Joseph Delteil (1894-1978), un mouton à cinq pattes ",

 par Mme Geneviève André-Acquier, membre titulaire et ancienne présidente,

séance du 1er octobre 2018          

              La conférence de rentrée de l’Académie portait sur "Joseph Delteil (1894-1978), un mouton à cinq pattes ", présentée par Mme Geneviève André-Acquier, membre titulaire et ancienne présidente. Venu de son petit village occitan (Grabels, aux portes de Montpellier), l’écrivain a fait, dans les années 1920, sensation à Paris, capitale des écrivains et des artistes. Un jour, et définitivement, il rentre dans ses Corbières natales qu’il ne quittera plus. Une trajectoire pleine d’enseignements sur les gloires littéraires, sur l’art de construire une œuvre (de 1922 à 1976)… et une vie.

            Joseph Delteil a appartenu, selon la formule de Joë Bousquet, au « génie d’Oc ». C’est vrai, l’écrivain a vécu pendant plus de quarante ans dans une solitude choisie, au milieu des vignes de la région montpelliéraine.

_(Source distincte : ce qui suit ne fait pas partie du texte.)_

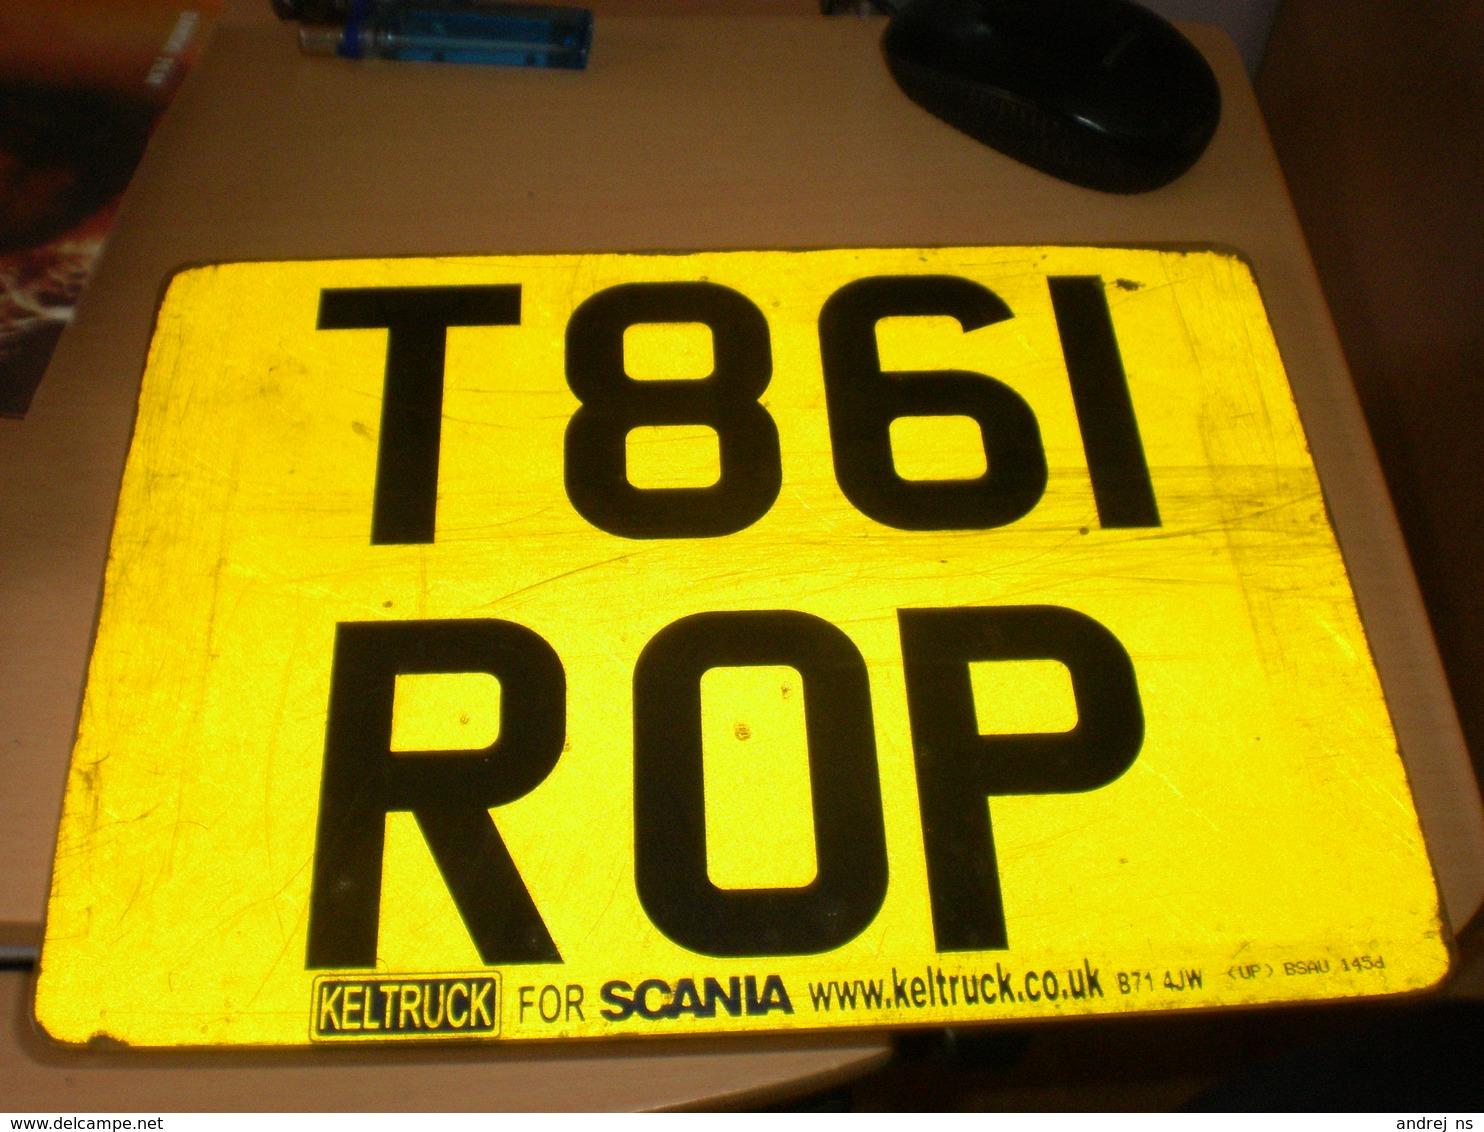 Number Plates Keltruck For Scania - Number Plates

En 1963, il écrit La Delteilherie où il revient sur son passé et sur cette fureur d’écrire qu’il avait contractés à Paris, vrai bouillon de culture, là-même où il avait été primé (Académie Française, prix Femina). Ne représentait il pas également dans la capitale la fameuse blanquette de Limoux, disant à qui voulait l’entendre : « Je préfère faire du commerce que de la littérature commerciale » ? Et la conférence de préciser cependant: « C’est à Paris, dans ce creuset de renouveau des arts, qu’il reçut l’impulsion nécessaire pour libérer son langage et déployer sa pensée ».